Of all the controversial subjects in the church over the years, as well as today, is the subject of the Holy Spirit. Some overemphasize its presence and work. There are some modern preachers today who abuse it and use it to make themselves rich by claiming to have supernatural healing powers and other gifts that draw hurting people to them. Others minimize it or simply ignore it. Both of those approaches are wrong. Martin Lloyd-Jones says, “Because of certain exaggerations, excesses and freak manifestations, and the crossing of the border line from the spiritual to the scientific, the political and the merely emotional, there are many people who are afraid of the doctrine of the Holy Spirit, afraid of being too subjective. So they neglect it altogether. I would also suggest that others have neglected the doctrine because they have false ideas with regard to the actual teaching concerning the person of the Holy Spirit.”

There are three persons in the Godhead: the Father, the Son, and the Holy Spirit. These are the only persons in the Godhead. They all are omniscient, omnipotent, and omnipresent. These characteristics of divinity soundly establish their character and nature.  A quick look at various passages in the bible demonstrates that they all have these divine characteristics. All three are Omnipotent, which means “all-powerful.” Only three Persons have the attribute of omnipotence. God the Father is omnipotent in 1 Peter 1:5. The Son is omnipotent in Hebrews 1:3. The Holy Spirit is omnipotent in Romans 15:19. All three are omniscient. That means “all-knowing.” The Father is omniscient in Jeremiah 17:10. The Son is omniscient in John 16:30; 21:17, and Revelation 2:23. The Holy Spirit is omniscient in 1 Corinthians 2:10–11. All three are omnipresent, meaning that “God is everywhere.” The Father is omnipresent according to Jeremiah 23:24. The Son is omnipresent according to Matthew 18:20 and 28:20. The Holy Spirit is omnipresent according to Psalm 139:7–10.

A fourth characteristic that all three persons in the Godhead share is eternality. This is another divine attribute that the Scriptures ascribe to all three of the persons of the Godhead. Hebrews 9:14 establishes this trait for the Holy Spirit. It says, “…how much more will the blood of Christ, who through the eternal Spirit offered himself without blemish to God, purify our conscience from dead works to serve the living God.” Only three persons possess all four of these attributes of God.  John Owen, the renowned Puritan theologian, tells us (according to Stephen Olford) that if the sin of Old Testament times was the rejection of God the Father, and the sin of New Testament times was the rejection of God the Son, then the sin of our times is the rejection of God the Holy Spirit.”

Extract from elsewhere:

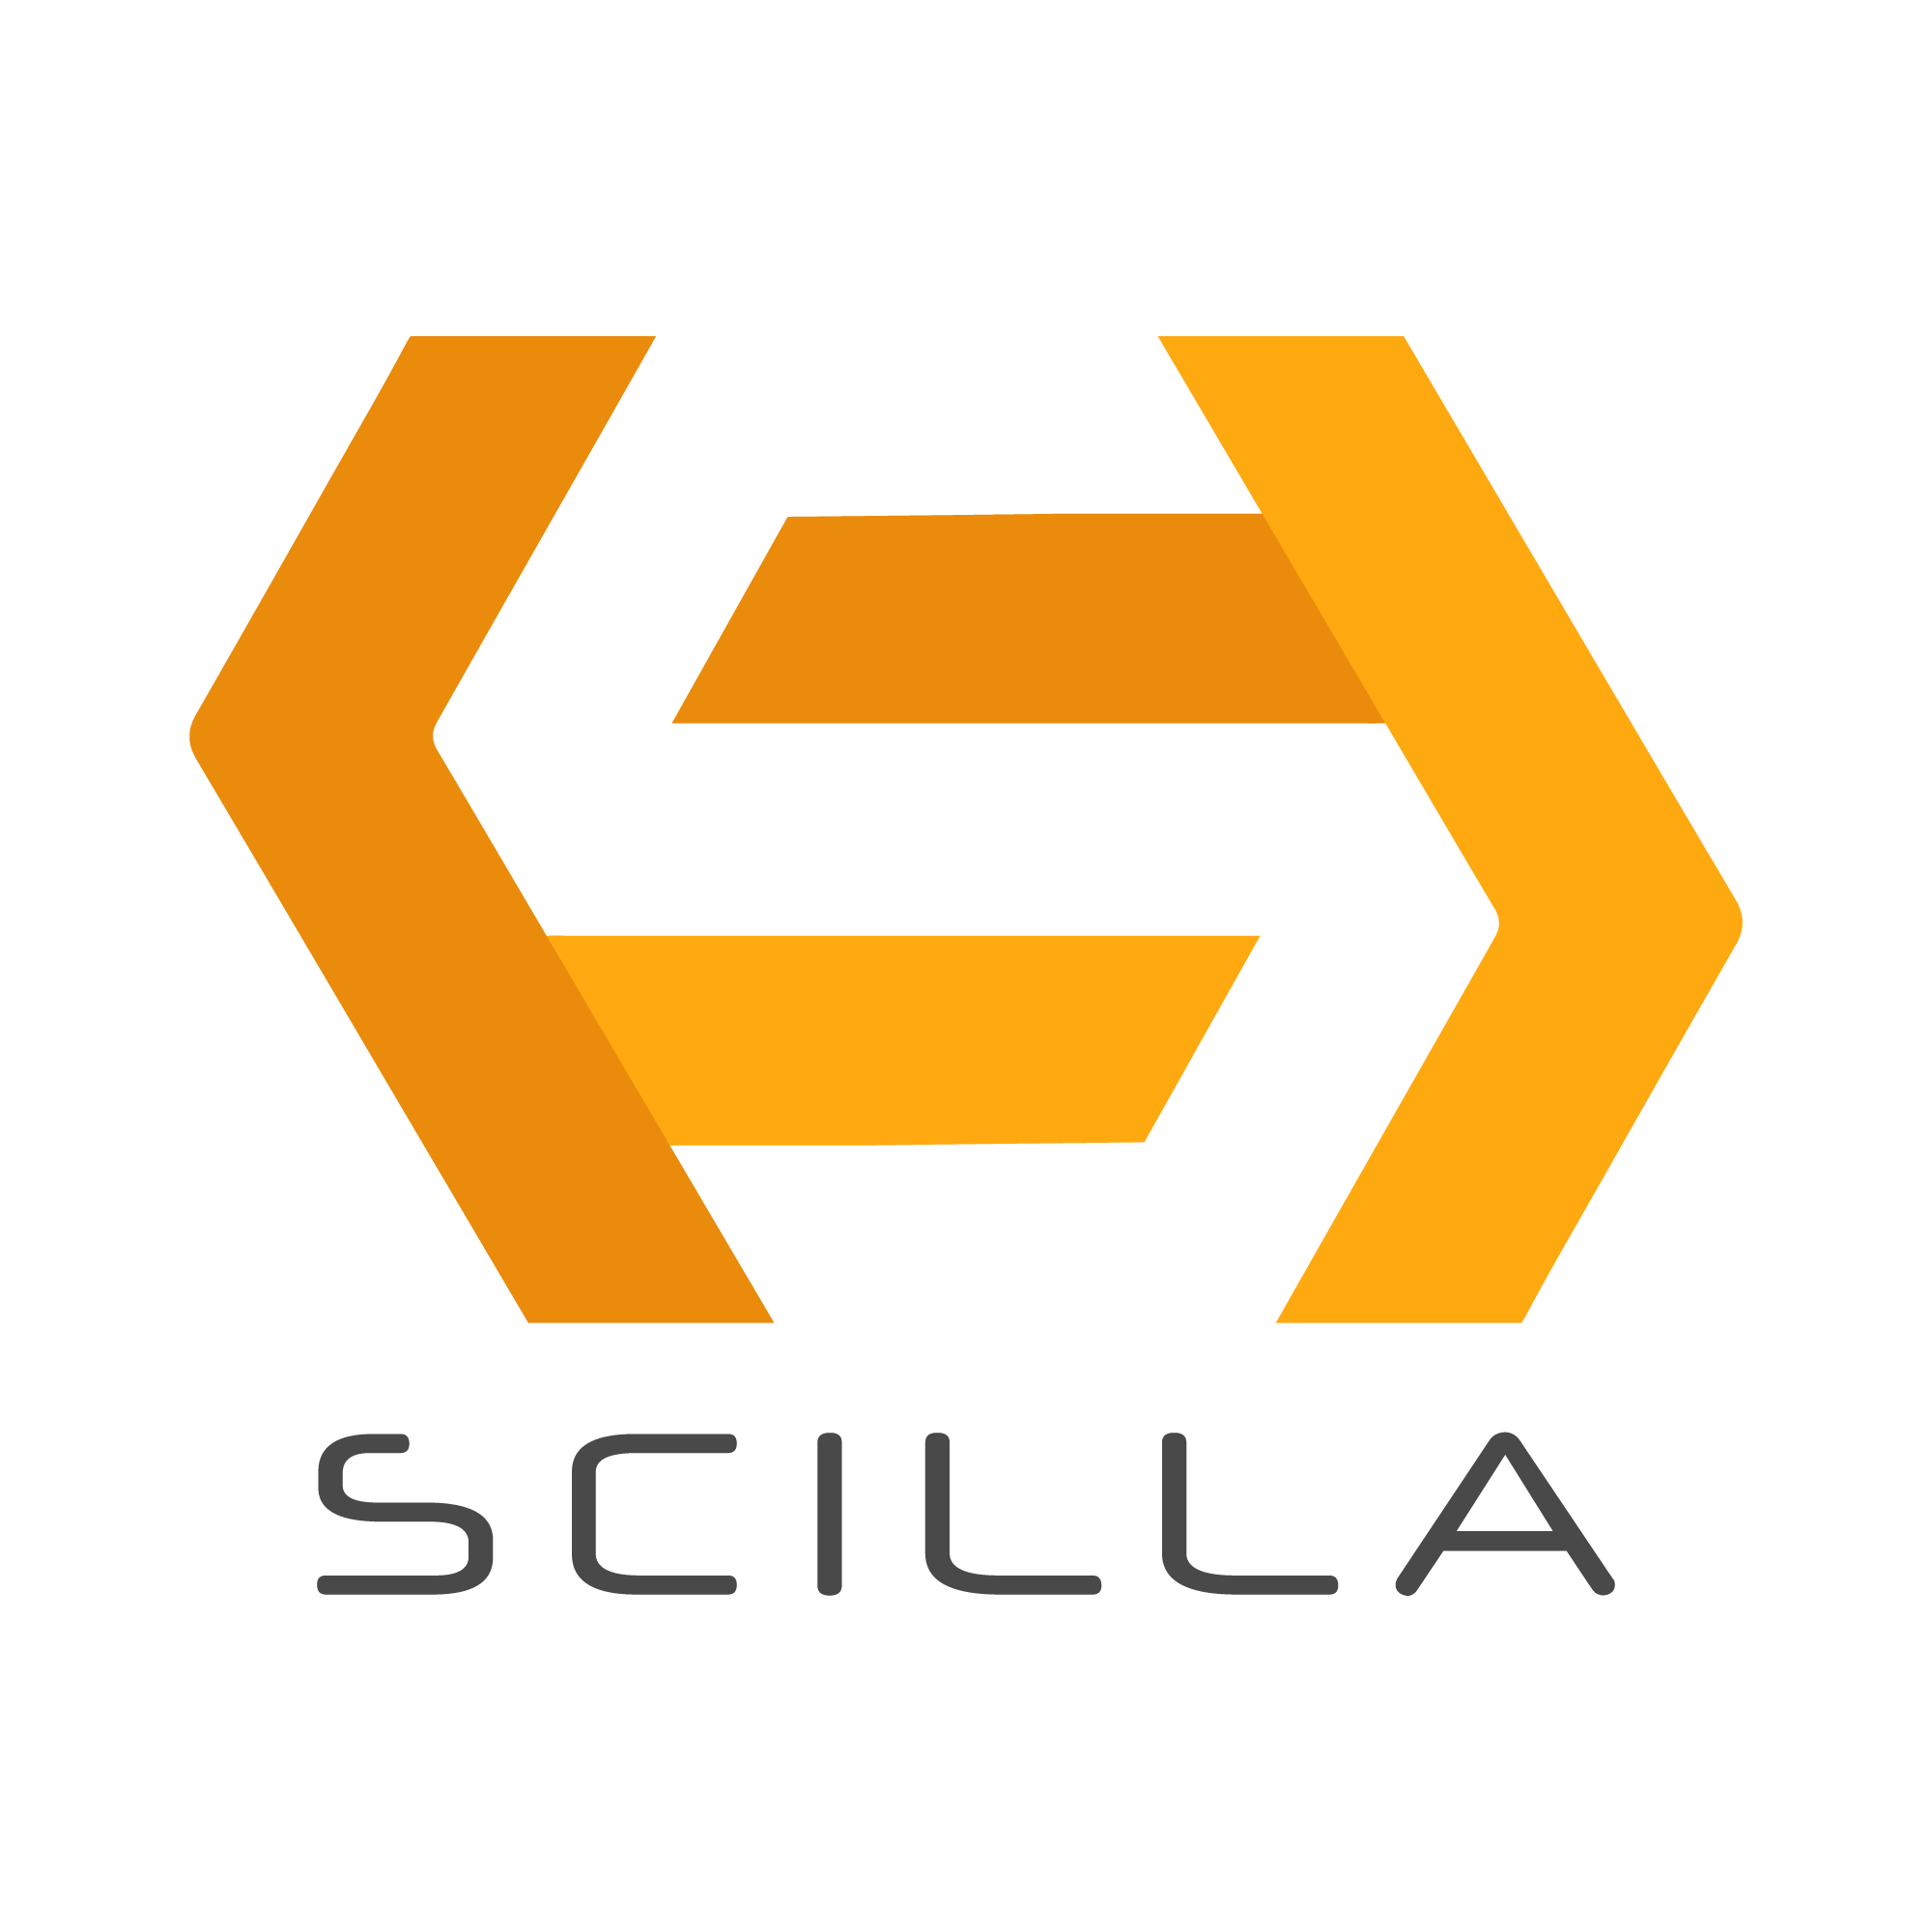 _images/scilla-logo-color-transparent.png

We are instructed by the Bible to worship God only. Since we are Trinitarians in our faith, we worship the Father, Son, and the Holy Spirit. Letham says, “We worship the Holy Spirit, who gives life and breath to all, who grants us the gift of faith, who sustains us through the difficulties of life as Christians in a world set in hostility to God, and who testifies of the Son. And we worship with one act of adoration the one undivided trinity, for as we cast our minds and hearts before the three persons of the holy trinity, we acknowledge the one indivisible God.”[1]

[1] Letham, Robert. 2013. “How the Triune God Transforms Worship.” Credo: The Trinity & The Christian Life (April 2013), 2013.